Tim Cavagnaro, University of Adelaide

When scaled up and applied outside of dense urban areas, urban agriculture techniques and approaches may evolve into systems such as protected agriculture – in which high-value horticultural crops are grown in modified conditions to maximise yields over a minimal footprint, such as in greenhouses and hydroponic setups.

Associate Professor Caitlin Byrt, Australian Research Council Future Fellow in the Research School of Biology at the Australian National University, agrees this is a smart direction in which to channel our efforts, arguing that diversity in the geography, biology and system type will prove vital to ensuring our national food security as uncertainty builds.

“Geographical diversity in food production can be increased by investing in a greater number of small local systems for food production, where those systems are spread widely across regional and urban geographical areas,” she says.

“Biological diversity in food production can be increased by incorporating a range of different food crop systems in each production location and expanding the number of rural and urban food production locations. Producing food from a variety of combinations of broadacre and protected agricultural systems can increase food system diversity.”

These layers of diversity, Byrt says, will act to buffer the system against disruptions, because the vulnerabilities inherent in any one aspect will be insulated by the strengths of others.

“For example, when considering drought events, the absence of regular rainfall during droughts may limit crop yields in broadacre systems to a greater extent than protected agricultural systems,” she explains. “During extended droughts, water recycling technology can be efficiently used to supply recycled water to protected agricultural systems to maintain productivity, but it is more prohibitively costly to irrigate over large broadacre cropping areas.”

Conversely, says Byrt, in the face of severe storm events the opposite could be true: “It can be more costly to repair protected agricultural systems following damaging storms relative to the cost to recover broadacre areas for a subsequent production season following a damaging storm.”

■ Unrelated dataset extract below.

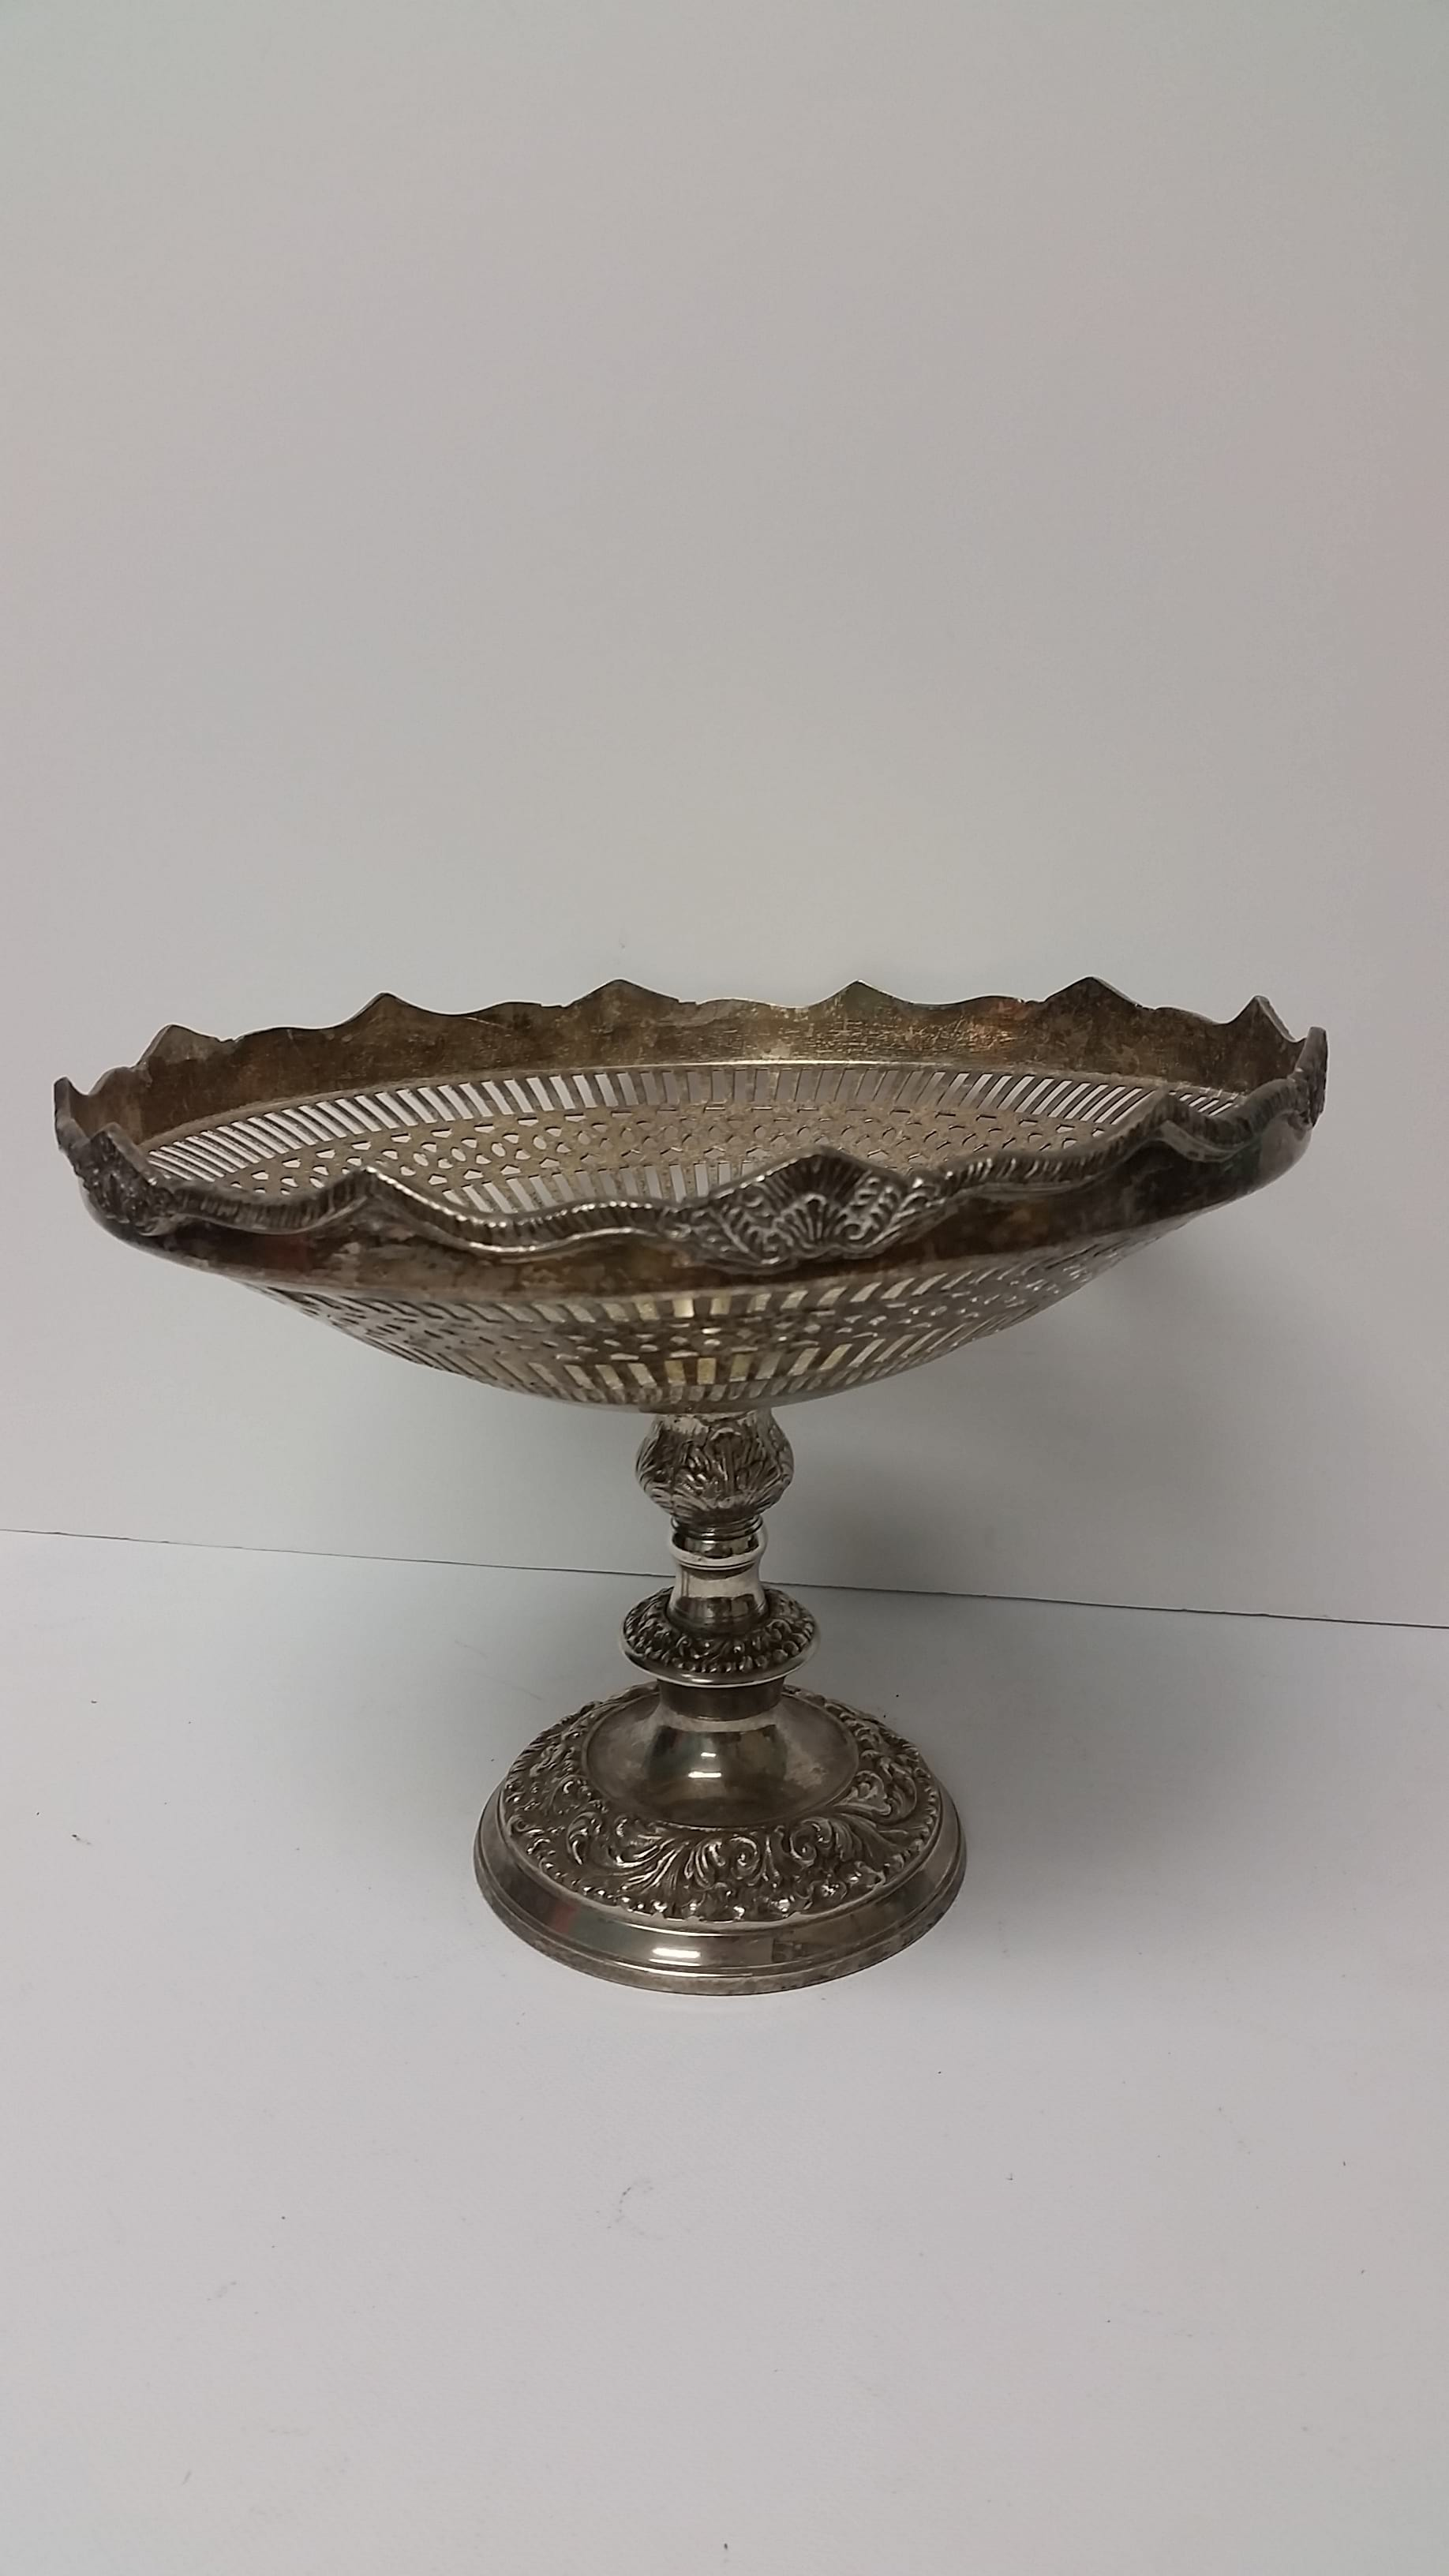 Candle Holder - Silver Pedestal Candlestick

These layers of diversity, Byrt says, will act to buffer the system against disruptions.

While the benefits that flow from increasing small-scale agricultural setups are likely to be substantial, growing them to scale will nonetheless require much of the innovation and adaptability that Australian agricultural scientists are renowned for, as they still involve many of the same challenges faced by broadscale agriculture.

“Demand for key input resources required for food production systems, such as potable water, nitrogen, phosphorus and potassium, is increasing,” says Byrt, who notes that demand comes not just from agriculture but from renewable energy and energy storage applications.  

In her own work, Byrt is looking to increase our resource-use efficiency through engineering plant membrane proteins, and finding transport solutions to increase yield security.

“Water, nitrogen, phosphorus and potassium resources are lost from urban and rural food production and manufacturing systems in liquid wastes,” she says. “Development of separation technologies that enable retrieval of these critical resources from liquid waste streams will be important for supporting initiatives to improve food security in the future.”

In the end, overcoming these challenges is well within the purview of our talented agricultural scientists, and the boost delivered to Australia food security would make our efforts decidedly worthwhile.

While recent challenges have been gruelling for many, Bardsley believes they could act as a galvanising wake-up call.

“A lot of people have struggled with food insecurity over the last couple of years, who never have previously,” he says. “We can increase productivity but also think about new ways to support local food security.”